To explore the physiological function of VPE in mammals, we generated and characterized VPE-deficient mice. VPE was abundantly expressed in kidney and localized in the late endosomes of the proximal tuble cells. Disruption of the VPE gene led to the enlargement of lysosomes in these cells in an age-dependent manner, which suggests that the materials to be degraded are being accumulated within the lysosomal compartments. The processing of the lysosomal proteases, cathepsins B, H, and L, from the single-chain forms into the two-chain forms was completely defected in the deficient mice. Thus, the VPE deficiency caused the accumulation of macromolecules in the lysosomes, highlighting a pivotal role of VPE in the endosomeal/lysosomal degradation system.
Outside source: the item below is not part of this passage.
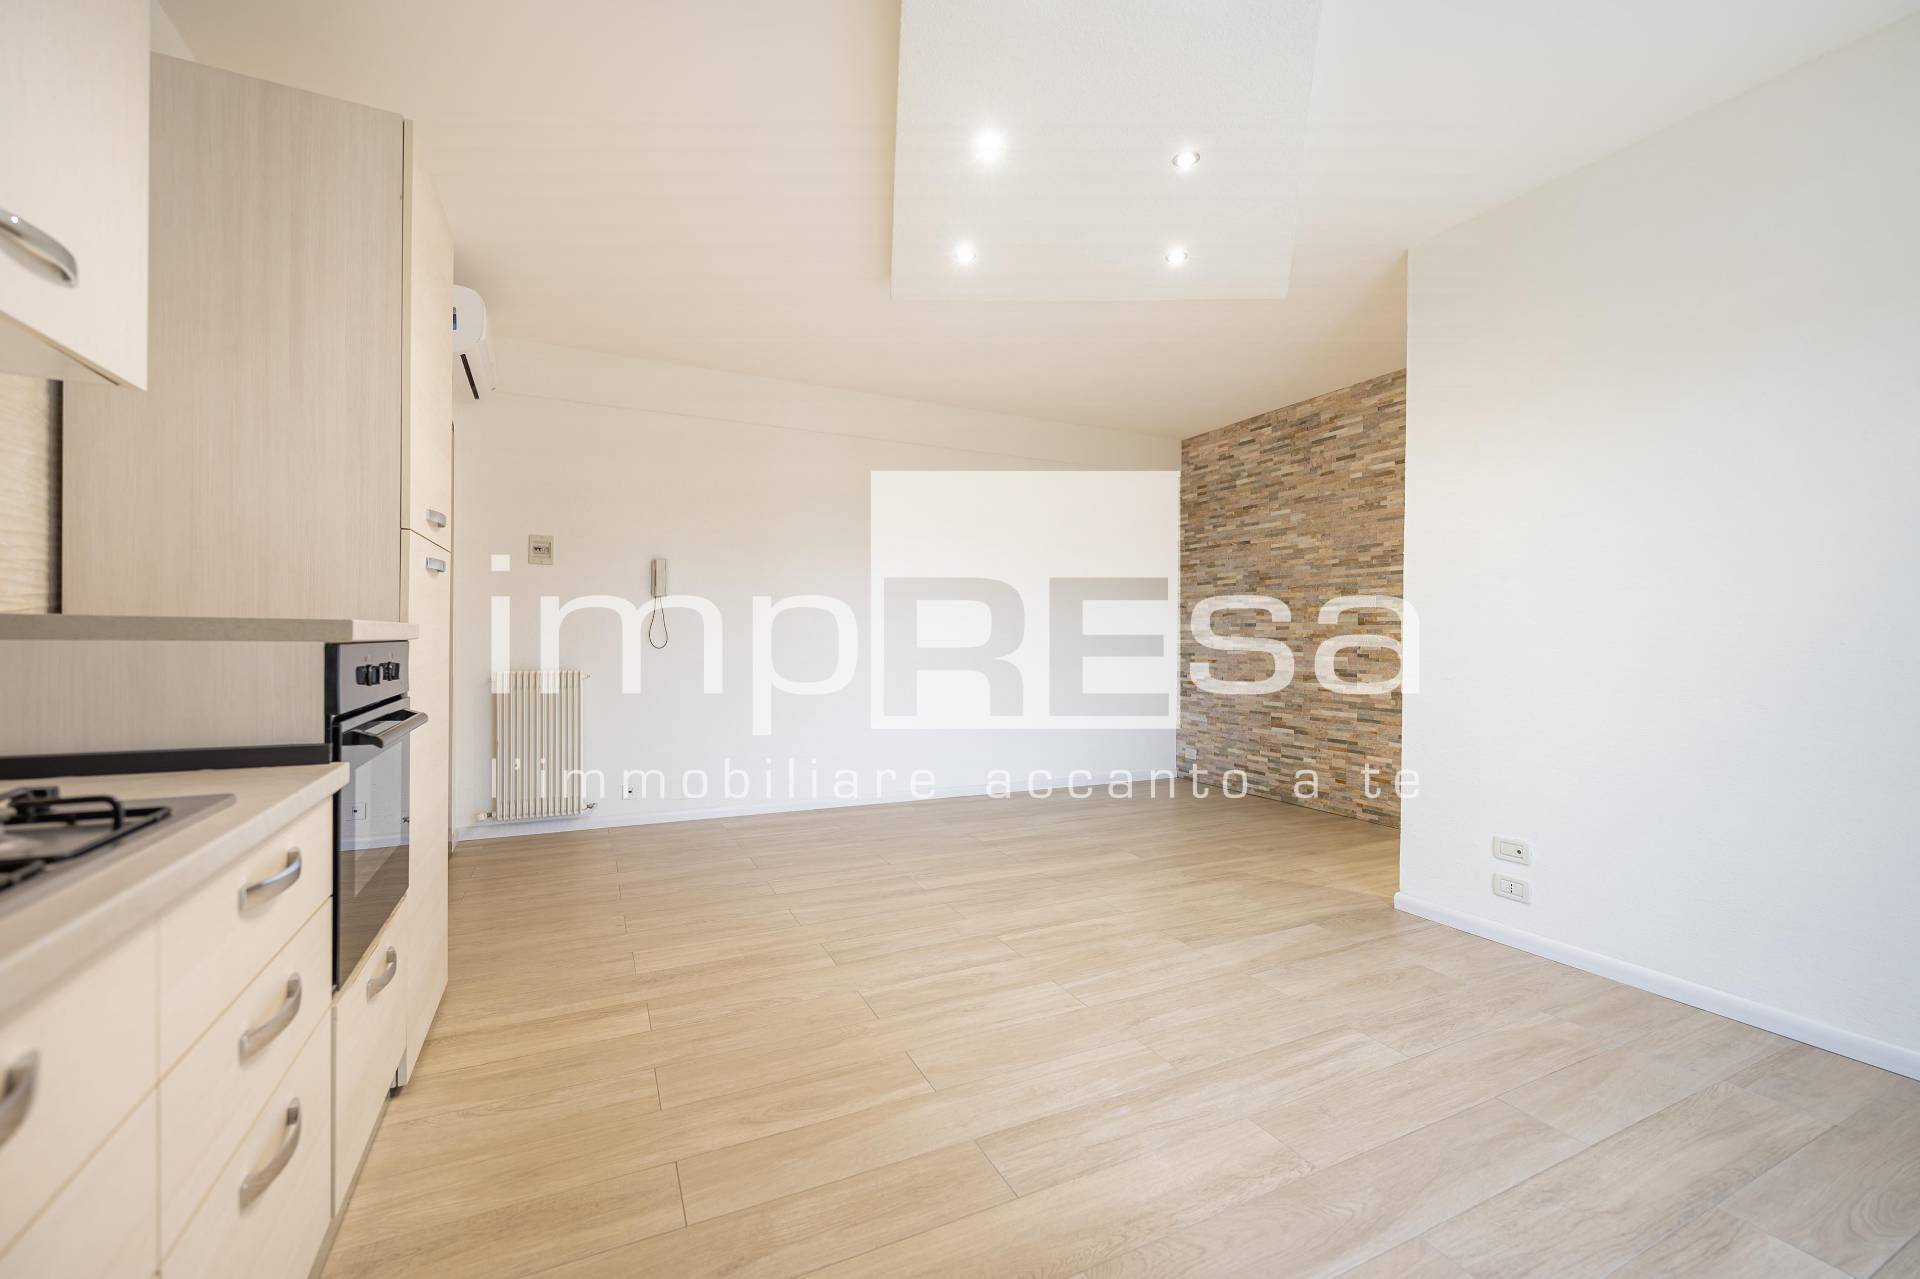 Appartamento in vendita a Susegana, 4 locali, zona Località: PontedellaPriula, prezzo € 137.000 | PortaleAgenzieImmobiliari.it

VI. Role of molecular chaperones on cell differentiation.

Molecular chaperones are cellular proteins that function in the folding and assembly of certain other polypeptides into oligomeric structures but that are not, themselves, components of the final oligomeric structure. To clarify the roles of molecular chaperones on cell differentiation, we have purified and characterized chaperonin and Hsp70s and analyzed their roles in the translocation of proteins into chloroplasts.
Previously, we also characterized a mitochondrial co-chaperonin (Cpn10), chloroplast co-chaperonins (Cpn20 and Cpn10) and a small heat shock protein from Arabidopsis. In 2003, we started to characterize HSP90s. Their evolutional and functional characterization is now under experiments.